Nah.. As it is the 3rd Expansion only core NVN2 players going to buy it anyway (inc me).
Dhruin
December 12th, 2008, 02:54
Third? I think you got one more expansion than everyone else. ;)
Benedict
December 12th, 2008, 11:18
I'm enjoying the game too, more than I'd expect for something as simple and old-skool as this one. The one thing that I consider nearly unexcusable is the load times -- this is fundamentally simple gameplay made for fast-paced gaming, and the way it's made up, I seem to spend more time staring at the progress bar than actually playing the game.
Agreed, shocking how long it takes the overland map encounters to load up, it does incline me not to bother.
Although if it didn't I'd probably hit the level cap in about the first two hours of play, run out, charge into every encounter tossing fireballs around, rest, repeat, a disproportionately high amount of experience for what would be very quick fights without the loading times.
crpgnut
December 12th, 2008, 14:58
Once you're a few levels above a particular encounter level, you get almost no experience for the fight. Something like 3 xp for a kill and 30 xp for the whole encounter. It'll take a LONG time to level against those foes :D
Maylander
December 12th, 2008, 15:43
Indeed! After level 10 or so, I usually just avoid random encounters. Doing 30-40 random encounters per level would turn SoZ into an MMO experience.
doctor_kaz
December 12th, 2008, 19:27
I've seen a few reviews on this now and there's one thing that all the negative ones seem to have in common - they all seem to have set up their parties without a decent ranger / survivalist type character.
How many characters can you have in your party? If it's only four, then I can't blame somebody for sticking with the tank-healer-wizard-rogue formula and not choosing one of the more specialized characters who are comparatively gimped in those roles.
kalniel
December 12th, 2008, 19:29
How many characters can you have in your party? If it's only four, then I can't blame somebody for sticking with the tank-healer-wizard-rogue formula and not choosing one of the more specialized characters who are comparatively gimped in those roles.

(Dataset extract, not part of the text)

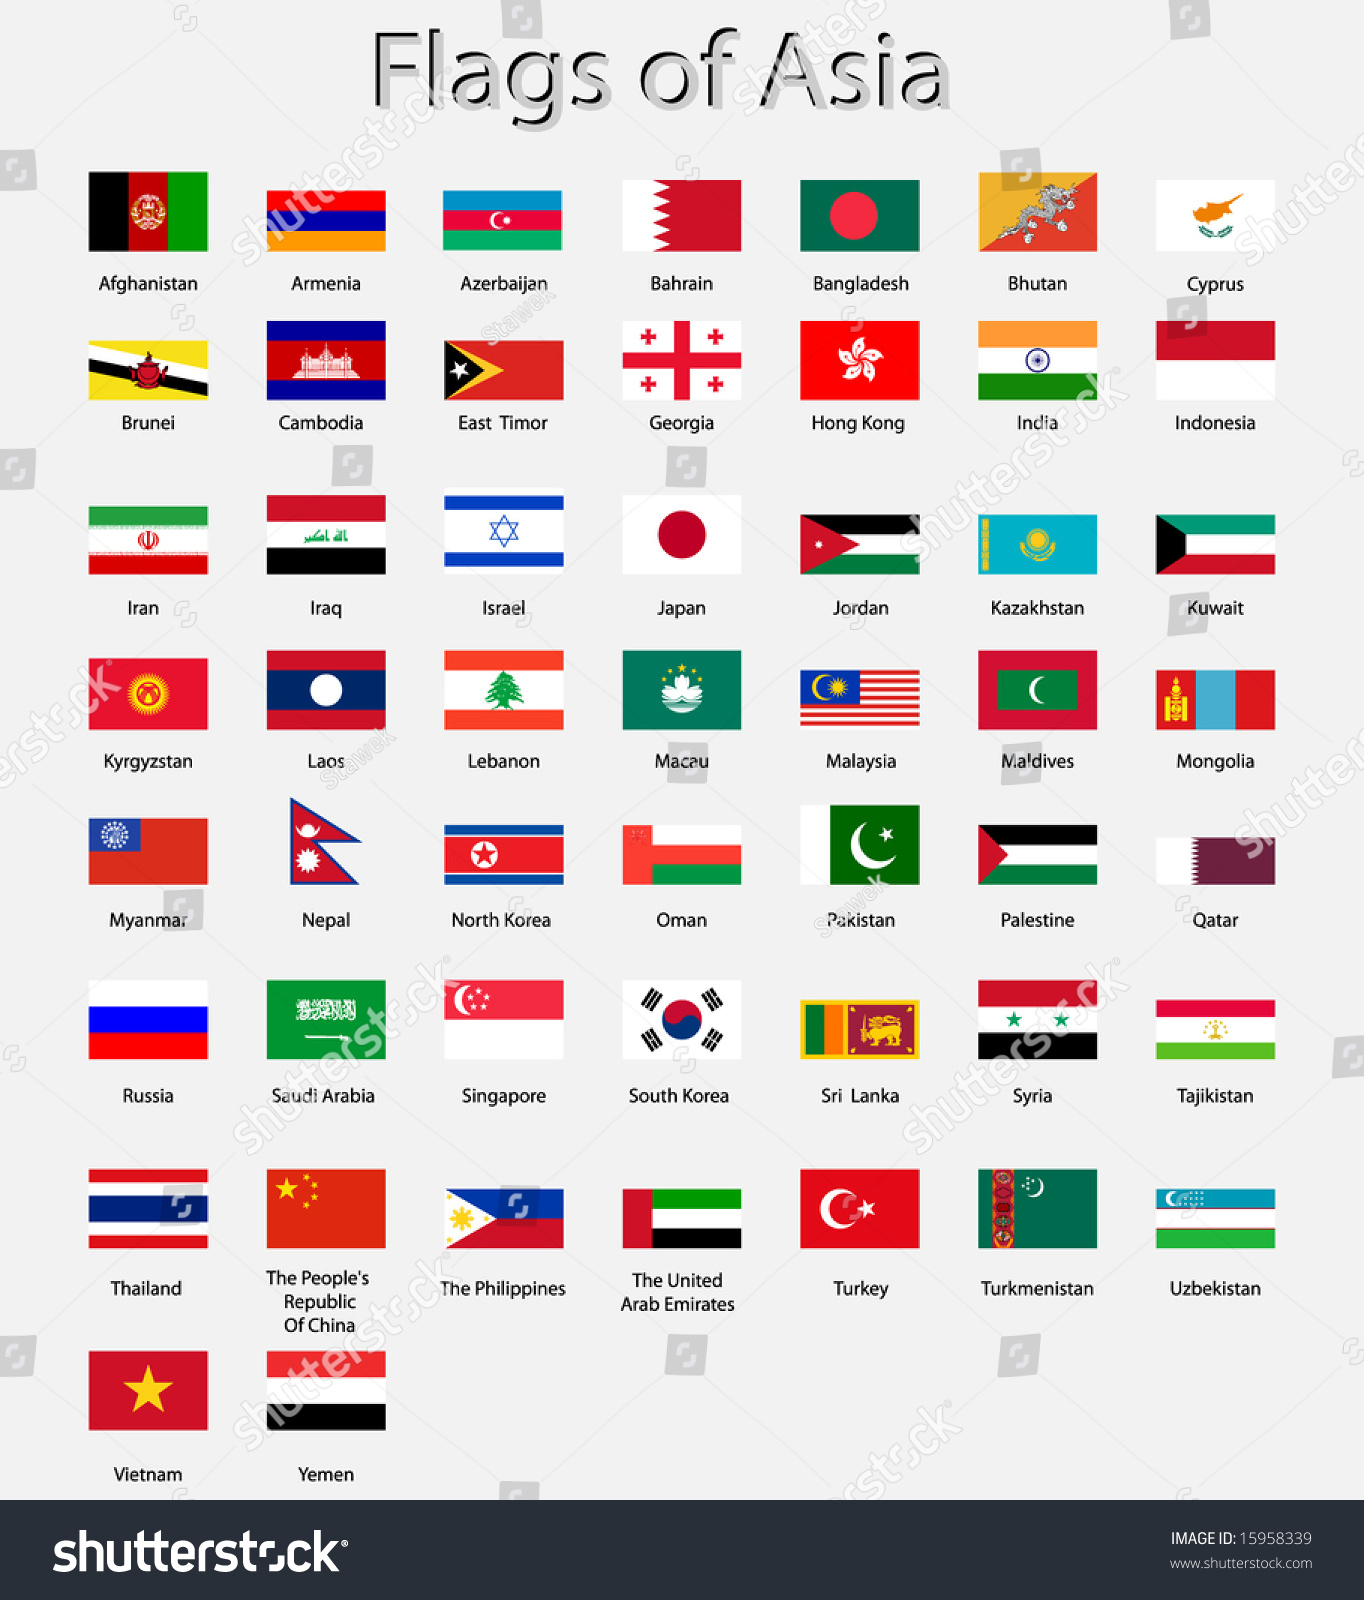 Hide Asia's Flags by Capital, Minefield Quiz - By timmylemoine1

Then why are they complaining? - if they use a rogue they should have no problem with overland map encounters.
Prime Junta
December 12th, 2008, 20:12
Unless they just click through the tutorial and don't read the manual, and end up having their 6-for-brains fighter or nerdy wizard as the party leader.
Prime Junta
December 12th, 2008, 22:41
Spoil me: where's the Fated Winds quartermaster? I joined, and the bearded dude keeps telling me to see him about some cool equipment, but I can't find him anywhere.
Starwars
December 12th, 2008, 23:56
As far as I know, all the goods from the quartermaster (as well as from the towns where you set up trading posts) enter Jacobys inventory, so try looking there.
Avantenor
December 13th, 2008, 02:10
Who the hell is the quartermaster? We couldn't find out, we thought Jacoby is the quartermaster.
Starwars
December 13th, 2008, 12:26
The quartermaster himself is just a NPC who gets stationed for flavour near the entrance to Crossroad Keep when you join a merchant cartel. All goods are made available through Jacoby.
Prime Junta
December 13th, 2008, 13:03
Thanks, folks. I thought he'd be someone in Neverwinter; never thought of looking for him in Crossroad Keep.